= Elisabeth Joris =

Swiss historian (born 1946)

Elisabeth Joris (born 1946) is a Swiss historian. She has written and edited several works on gender history in Switzerland, and was co-editor of feminist magazine Olympe, and co-initiator of the 1991 Swiss women's strike. She was awarded an honorary doctorate by the University of Zurich in 2020.

==Biography==
Joris was born in 1946 in Visp. She grew up in Visp and has lived in Zürich since 1966. Joris graduated from school at a time when women rarely proceeded to higher education, so she first gained her teaching qualification. She studied history and history of French literature at the University of Zurich and earned a licentiate degree under the direction of Rudolf Braun in 1980. Although she began a doctorate, she found she preferred to study women's history, which at the time was not considered by her professors to be a suitable subject for a doctoral degree. She then worked as an elementary school teacher and a freelance historian. She has taught at the Riesbach Cantonal School in Zurich and at the Lucerne School of Social Work. She retired in 2010.

Joris co-founded the group Kritisches Oberwallis and the critical newspaper Rote Anneliese. She edited several works about women's and gender history in Switzerland. In 1986, she published a pioneering source book about women's history in Switzerland alongside Heidi Witzig. Joris wrote two articles, Women, Gender, Social Movements (Switzerland) and Züblin-Spiller, Else for the International Encyclopedia of the First World War.

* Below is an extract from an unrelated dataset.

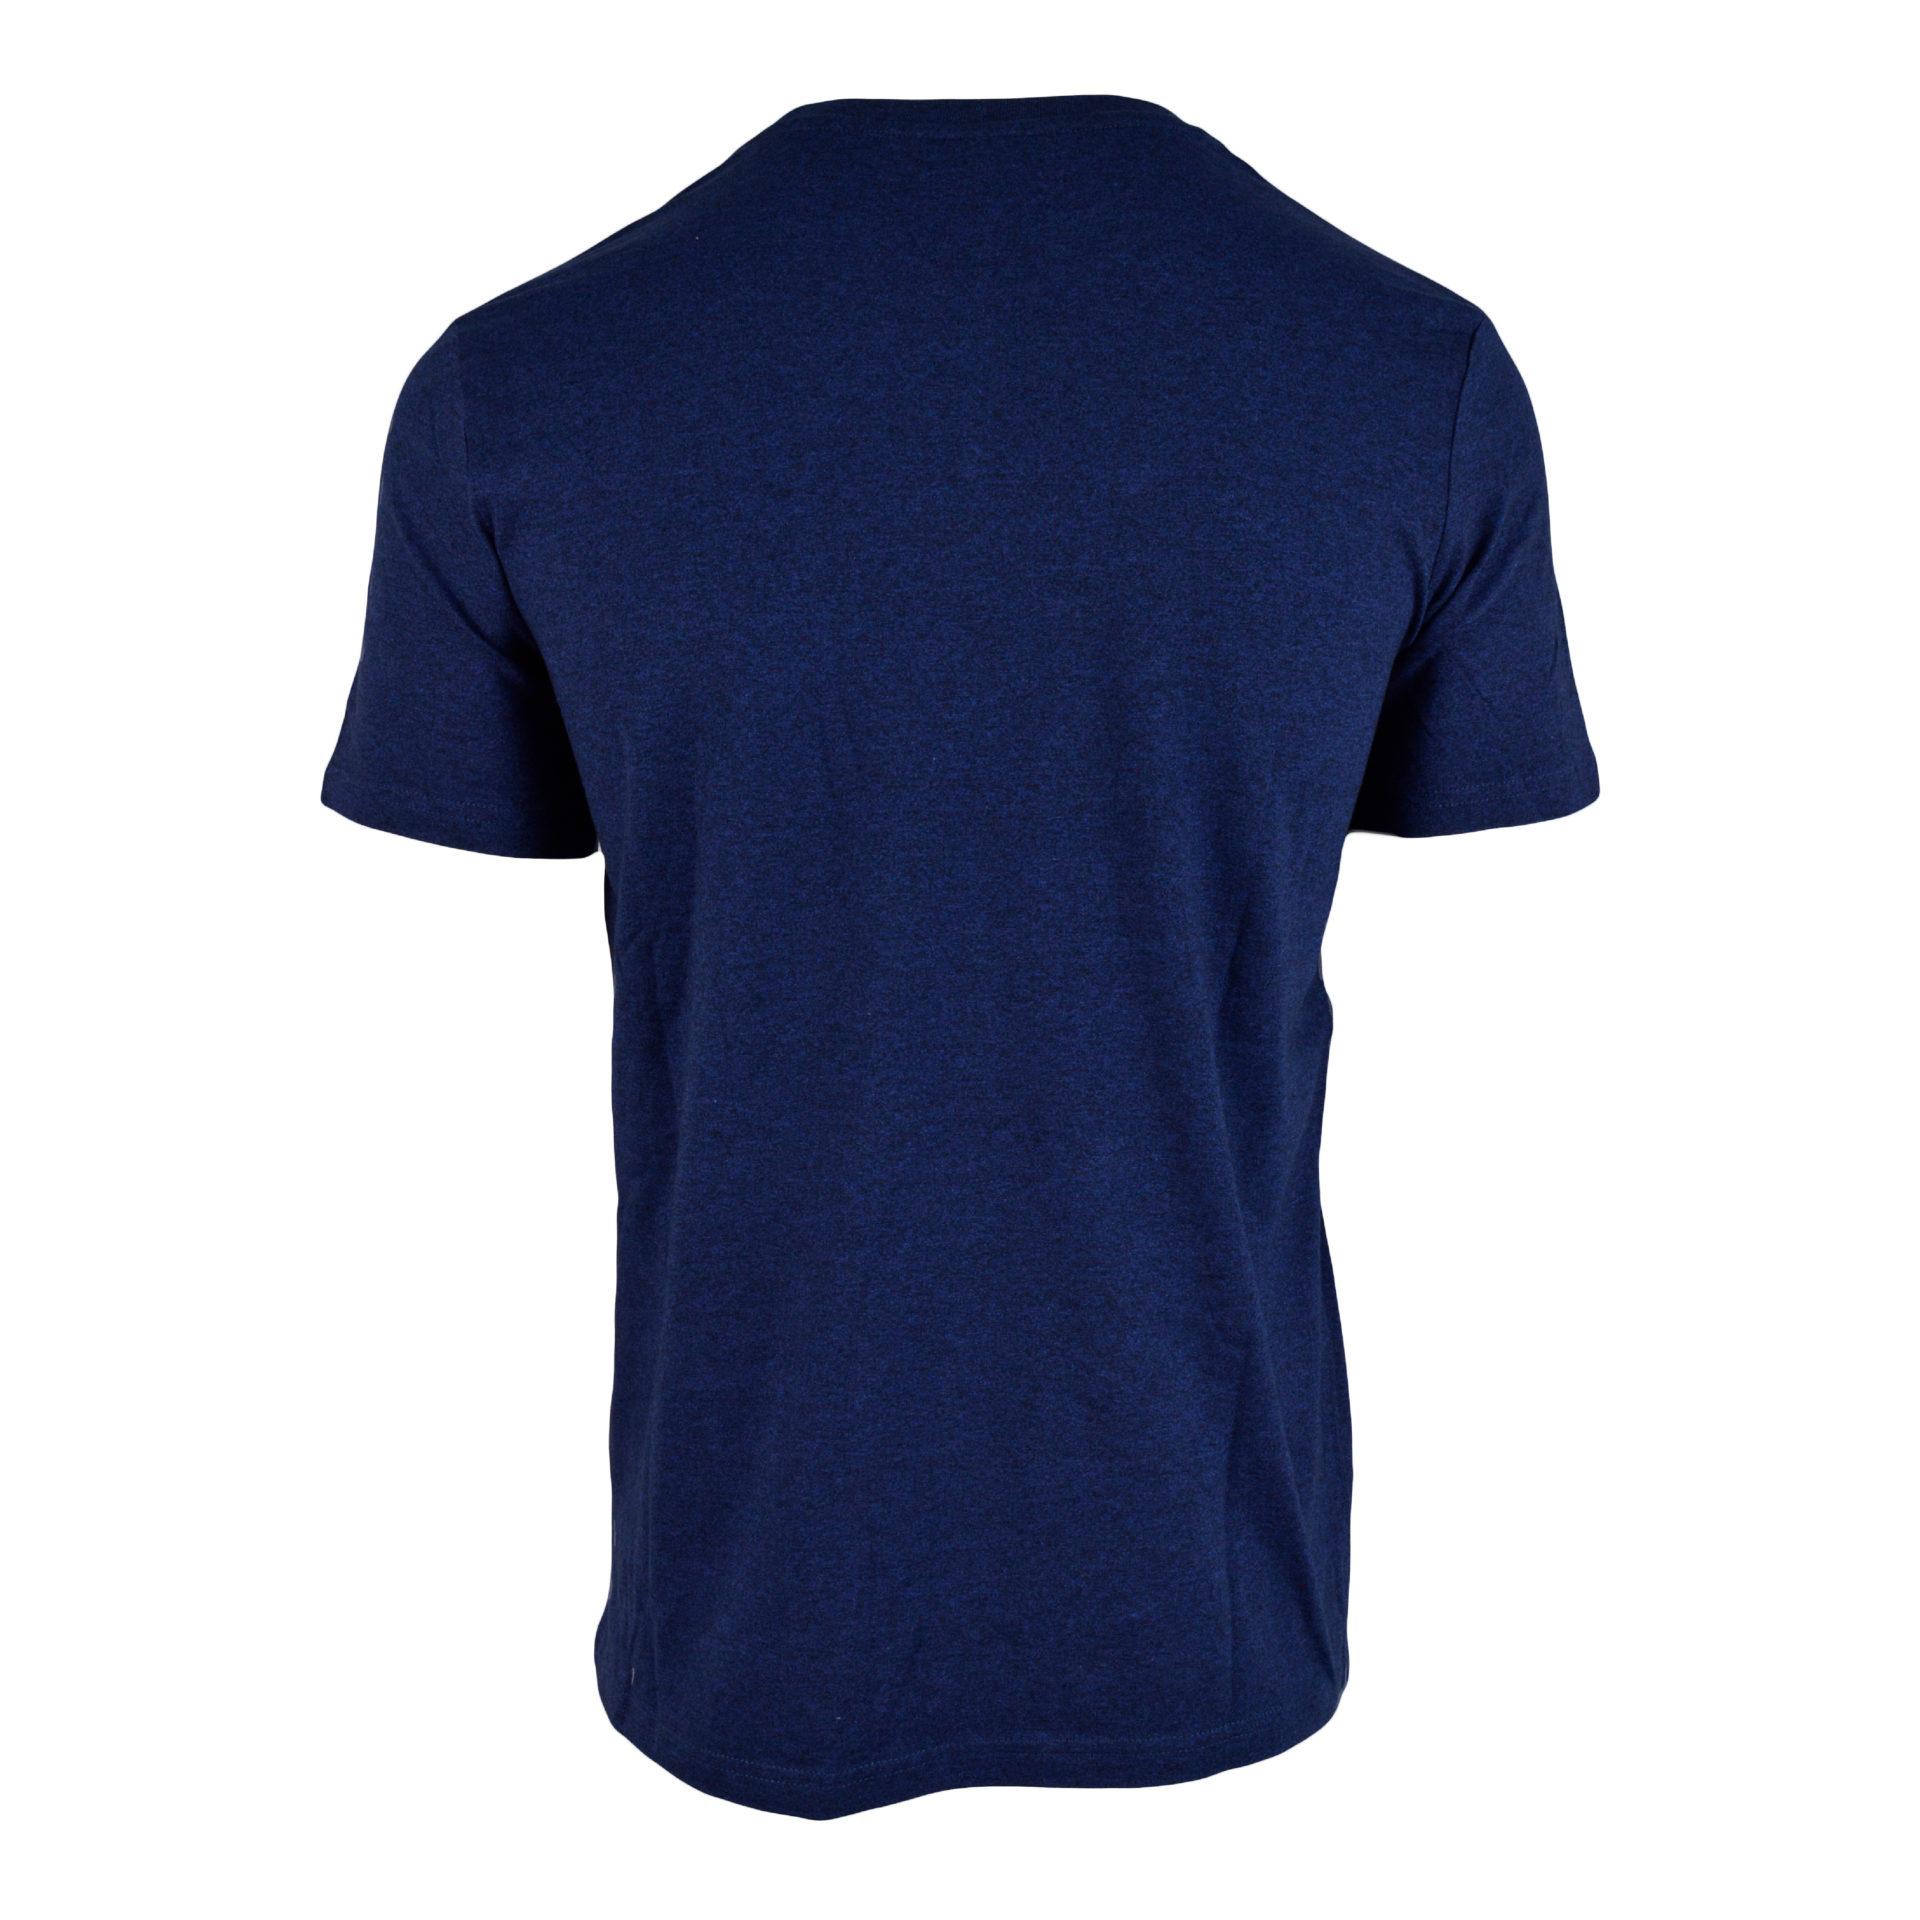 Tee shirt manches courtes VG STU755 BLEU foncé Collection Ponton

In 2010, she submitted the manuscript of her fifth book to the University of Zurich as her dissertation, finally earning a doctorate. Joris was a co-editor of the feminist magazine Olympe. Joris was a co-initiator of the first Swiss women's strike in 1991.

Joris is married and a mother of two.

== Publications (selection) ==
===As an author===
- Elisabeth Seiler-Joris, Sozialer Wandel im Oberwallis in der zweiten Hälfte des neunzehnten Jahrhunderts. Zürich: 1979 (licentiate thesis, University of Zurich, 1980).
- with Heidi Witzig: Brave Frauen, aufmüpfige Weiber: Wie sich die Industrialisierung auf Alltag und Lebenszusammenhänge von Frauen auswirkte (1820–1940). Zurich: Chronos, 1992.
- with Adrian Knoepfli: Eine Frau prägt eine Firma: Zur Geschichte von Firma und Familie Feller. Zürich: Chronos, 1996.
- Liberal und eigensinnig: Die Pädagogin Josephine Stadlin – die Homöopathin Emilie Paravicini-Blumer. Handlungsspielräume von Bildungsbürgerinnen im 19. Jahrhundert. Zürich: Chronos, 2010 (dissertation, University of Zurich, 2010).

===As an editor===
- with Heidi Witzig: Frauengeschichte(n): Dokumente aus zwei Jahrhunderten zur Situation der Frauen in der Schweiz. Zürich Limmat, 1986.
- with Katrin Rieder and Béatrice Ziegler: Tiefenbohrungen: Frauen und Männer auf den grossen Tunnelbaustellen der Schweiz, 1870–2005. Baden: Hier + jetzt, 2006.
- with Erika Hebeisen, Angela Zimmermann: Zürich 68: Kollektive Aufbrüche ins Ungewisse. Baden: Hier + jetzt, 2008.
- with Renate Wegmüller: „Stimmen, wählen und gewählt zu werden sei hinfort unsere Devise und unser Ziel“. Kurze Geschichte des Frauenstimmrechts in Quellen. Wettingen, eFeF, 2011.
- with Rita Schmid: Damit der Laden läuft. Ein kritischer Blick in die scheinbar vertraute Welt des Detailhandels. Zürich: Rotpunktverlag, 2019.